Elsewhere, there's a three-part Arcade mode, allowing you to choose a play style that focuses on speed or strategy as you clear hexes in order to refill your timer against a brutal time limit. Here you have unlimited pushes (something that encourages you to throw hexes at the board as quickly as possible when you first start out). Score attack is the name of the game, with options for sharing your highest scores across social networks.

Original, smart and stylish, Fractal is a game that walks a fine line between frustrating and thrilling. Despite the hard logic of its hexes and the rules that surround them, once multiple colours and special-case hexes are introduced, it can appear too random to be truly mastered. (Although you might argue that the sense of randomness principally derives from the human mind's inability to work through the full chain of cause and effect that fires from each move.)

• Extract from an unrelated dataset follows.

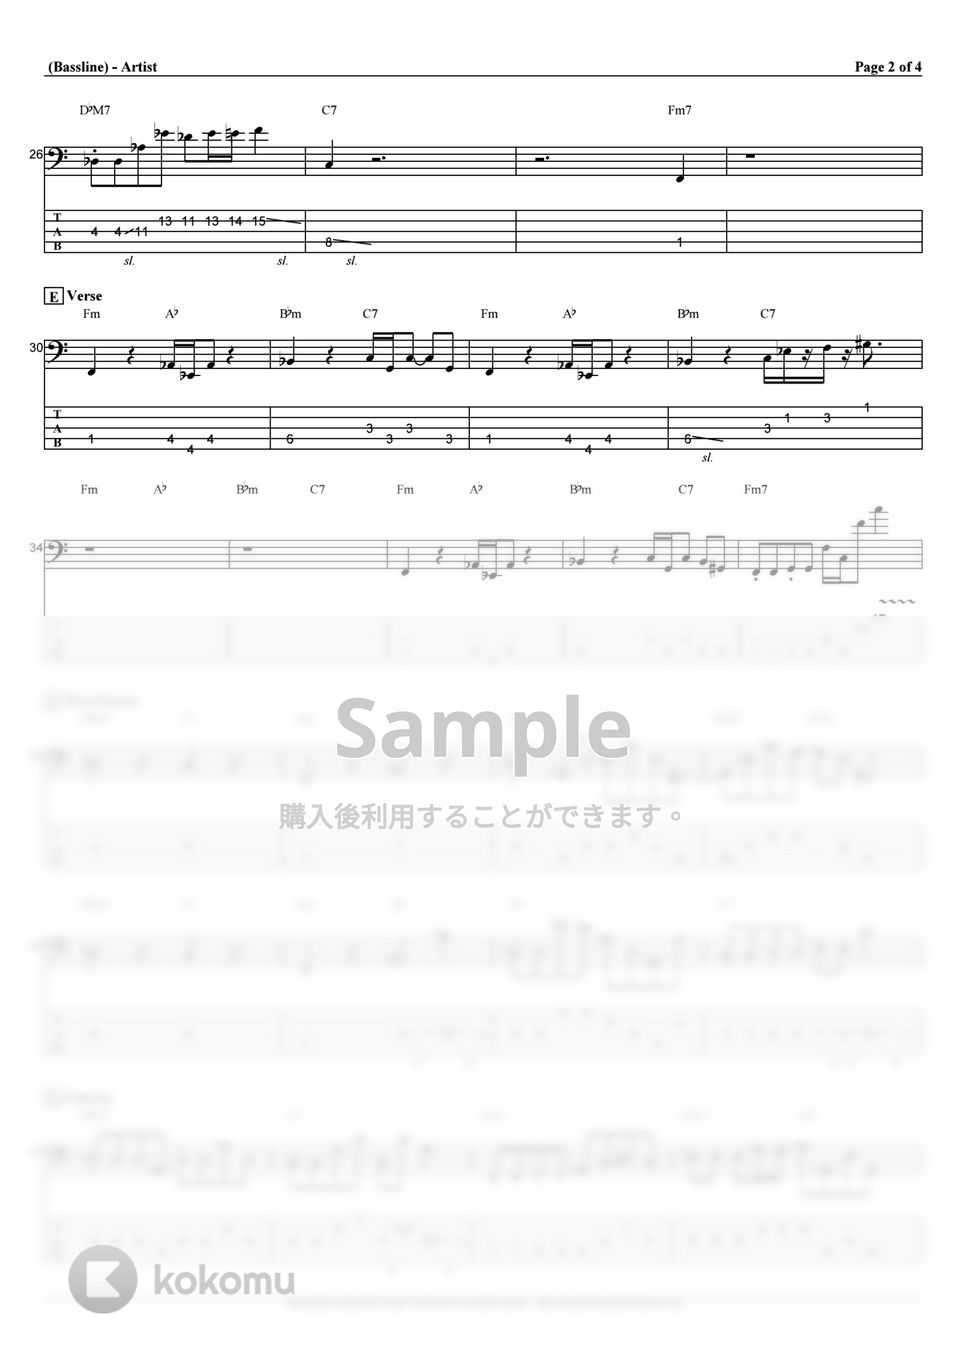 東京リベンジャーズ - ここで息をして (ベース Tab譜 5弦) by T's bass score

As such, the game's balance can feel a few pixels out at times. But there is enough hard logic at its heart to keep drawing you back in. The joy of cause and effect - of shunting a line of hexes one to the left and setting off an avalanche of blooms - is something Fractals shares with some of the puzzling greats, from Puzzle Bobble to Super Puzzle Fighter.

It's a game that allows you to feel smart, perhaps when you should just feel lucky. But there's also the hope of feeling justifiably smart - and in those moments, Fractals satisfies on a fundamental level.